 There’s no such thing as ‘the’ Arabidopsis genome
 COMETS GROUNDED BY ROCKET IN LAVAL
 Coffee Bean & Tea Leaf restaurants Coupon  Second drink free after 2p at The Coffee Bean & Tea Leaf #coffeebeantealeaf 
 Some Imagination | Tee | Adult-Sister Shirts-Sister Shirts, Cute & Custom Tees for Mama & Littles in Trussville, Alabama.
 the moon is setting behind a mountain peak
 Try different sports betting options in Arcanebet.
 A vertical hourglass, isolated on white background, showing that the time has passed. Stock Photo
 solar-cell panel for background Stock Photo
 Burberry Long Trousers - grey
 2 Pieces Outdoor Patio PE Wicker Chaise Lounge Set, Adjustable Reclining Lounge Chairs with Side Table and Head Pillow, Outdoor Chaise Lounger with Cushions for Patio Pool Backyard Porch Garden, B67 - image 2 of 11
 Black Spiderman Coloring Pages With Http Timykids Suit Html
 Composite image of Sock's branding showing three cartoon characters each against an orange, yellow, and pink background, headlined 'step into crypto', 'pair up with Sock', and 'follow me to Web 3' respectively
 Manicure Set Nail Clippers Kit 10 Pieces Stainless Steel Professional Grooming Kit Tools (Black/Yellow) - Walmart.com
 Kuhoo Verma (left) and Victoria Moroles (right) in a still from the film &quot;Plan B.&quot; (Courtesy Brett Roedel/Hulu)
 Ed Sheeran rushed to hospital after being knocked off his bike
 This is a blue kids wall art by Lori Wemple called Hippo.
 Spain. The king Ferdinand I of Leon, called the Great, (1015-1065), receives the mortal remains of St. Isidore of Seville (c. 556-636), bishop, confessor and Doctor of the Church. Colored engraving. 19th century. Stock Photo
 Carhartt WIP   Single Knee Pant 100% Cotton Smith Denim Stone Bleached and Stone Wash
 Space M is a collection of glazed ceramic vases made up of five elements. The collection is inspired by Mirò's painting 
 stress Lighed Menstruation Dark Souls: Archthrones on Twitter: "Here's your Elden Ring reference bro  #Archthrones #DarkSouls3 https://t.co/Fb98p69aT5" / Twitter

→ REQUIRED ACTION
Out of the material above, output word for word the line with "Try different sports", the line with "Burberry Long Trousers - grey", and all lines between them, with nothing else.

→ ANSWER SPACE
 Try different sports betting options in Arcanebet.
 A vertical hourglass, isolated on white background, showing that the time has passed. Stock Photo
 solar-cell panel for background Stock Photo
 Burberry Long Trousers - grey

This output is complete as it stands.